Sunspot
(NASA/Goddard)

Something “Peculiar” Was Tracked Over a Sunspot by Scientists for Several Days. Now They Have Revealed What It Was.

For more than a week, a team of astronomers watched something unusual after it appeared nearly 25,000 miles above a dark patch on the surface of the Sun.

The phenomenon, detected by astronomers with the New Jersey Institute of Technology’s Center for Solar-Terrestrial Research (NJIT-CSTR), resembled the ghostly glow of the aurora borealis, the colorful emissions that appear in the night sky close to the Earth’s magnetic poles.

“We’ve detected a peculiar type of long-lasting polarized radio bursts emanating from a sunspot, persisting for over a week,” according to NJIT-CSTR scientist Sijie Yu, who said the eerie emissions were “quite unlike the typical, transient solar radio bursts typically lasting minutes or hours.”

Yu and his colleagues published their findings in a new study, of which he is the lead author, which details their radio observations of the remarkable auroral display.

sunspot
Artist’s concept of the prolonged radio emissions detected above a sunspot (Credit: Sijie Yu).

Along with the auroras seen on Earth, emissions similar to those Yu and the NJIT-CSTR team observed have also been spotted by astronomers on planets like Jupiter and Saturn. In some instances, evidence of aurora-like emissions has also been detected around distant celestial objects like stars, especially those possessing low mass.
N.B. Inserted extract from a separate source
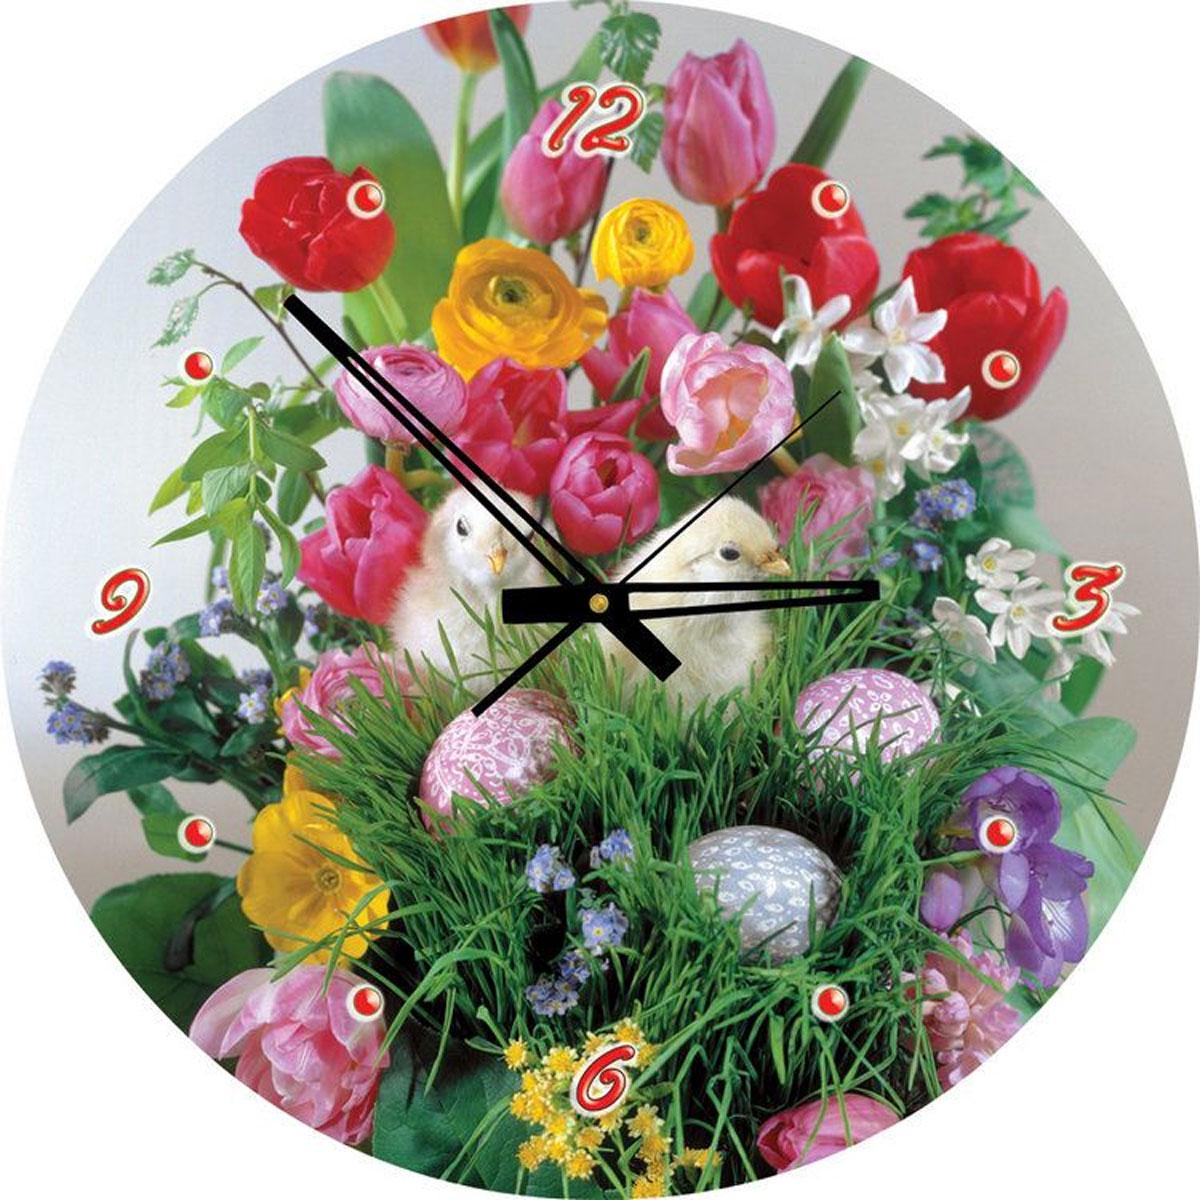 главным часы с цветами фото одновременно плюс этой

“It’s an exciting discovery that has the potential to alter our comprehension of stellar magnetic processes,” Yu said in a statement.

Specifically, the team believes that clues to the origin of solar radio bursts could be revealed thanks to the unusual discovery, which also may help astronomers better understand and characterize similar phenomena that occur around dark patches on the surface of distant stars, particularly brown dwarfs, which are similar to the sunspots we observe on our own nearest star.
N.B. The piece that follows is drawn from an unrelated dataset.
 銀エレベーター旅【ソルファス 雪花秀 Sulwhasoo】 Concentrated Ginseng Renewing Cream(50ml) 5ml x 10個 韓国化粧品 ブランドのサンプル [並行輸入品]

These aurora-like emissions result from energetic electrons appearing in areas where magnetic fields converge close to the poles of planets.
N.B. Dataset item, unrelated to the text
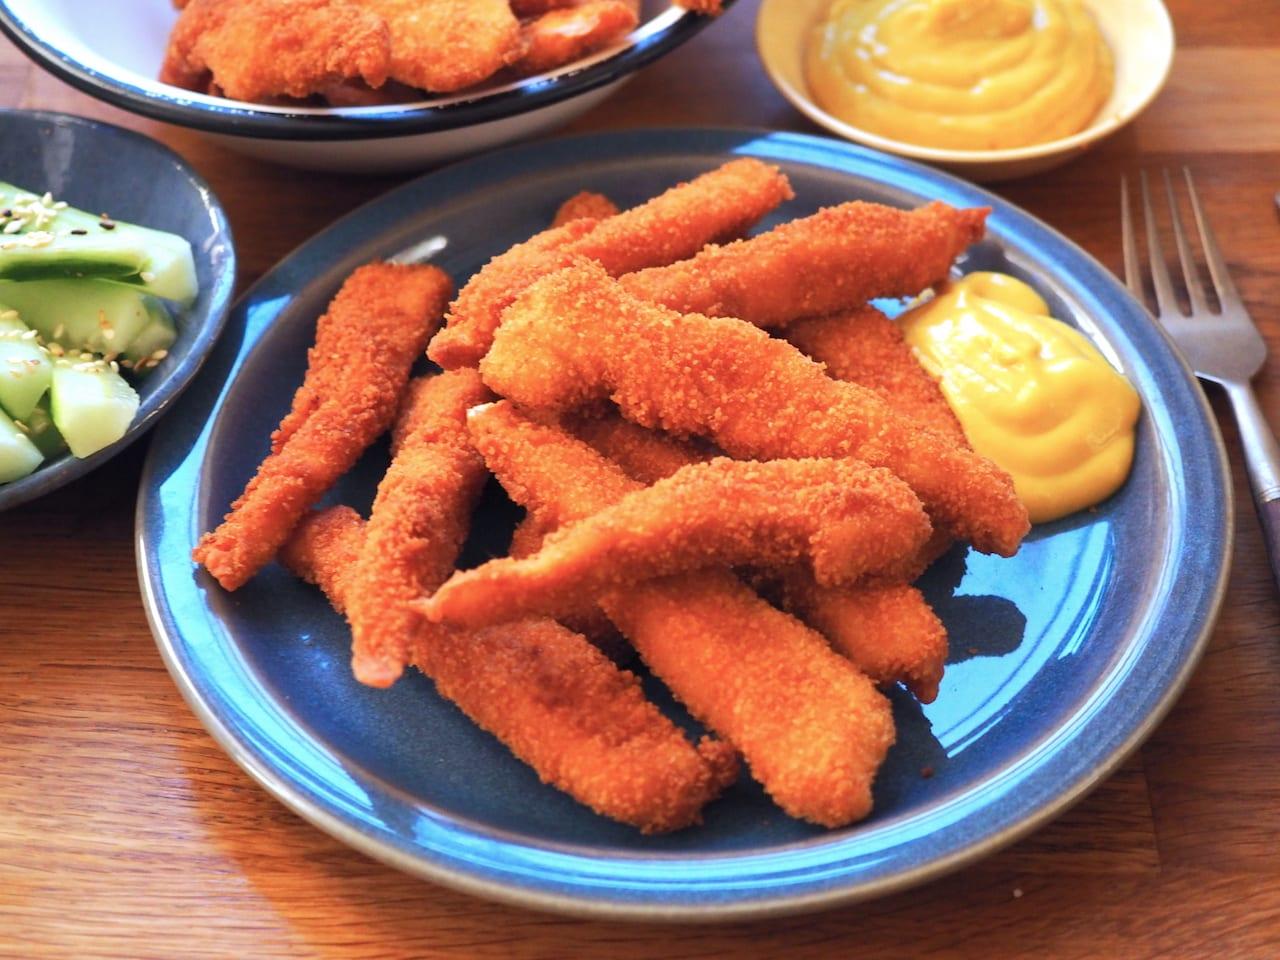 Frytki z kurczaka

While the radio emissions observed recently over the Sun were less intense than those observed emanating from other stars, they are similar enough that they suggest a common mechanism behind their origin, sharing characteristics that include a high degree of brightness, as well as a broad range of frequencies, and strong circular polarization.

In their analysis, Yu and the team found that these unique radio bursts probably result from what is known as electron cyclotron maser emission, which occurs as energetic electrons become accelerated by solar flares produced from the surface of a star and interact with its magnetic field.

“The source morphology and frequency dispersion are consistent with electron cyclotron maser emission,” the team writes in their recent paper, “due to precipitating energetic electrons produced by recurring nearby flares.”

Yu and the team report that features they observed in relation to these bursts, which they say include their shape and changes in their frequency, support their conclusions, which they hope may help advance our overall knowledge about solar radio bursts.

“Our findings offer new insights into the origin of such intense solar radio bursts,” the team writes, “and may provide an alternative explanation for aurora-like radio emissions on other flare stars with large starspots.”

The team’s paper, “Detection of long-lasting aurora-like radio emission above a sunspot,” appeared in the journal Nature Astronomy on November 13, 2023.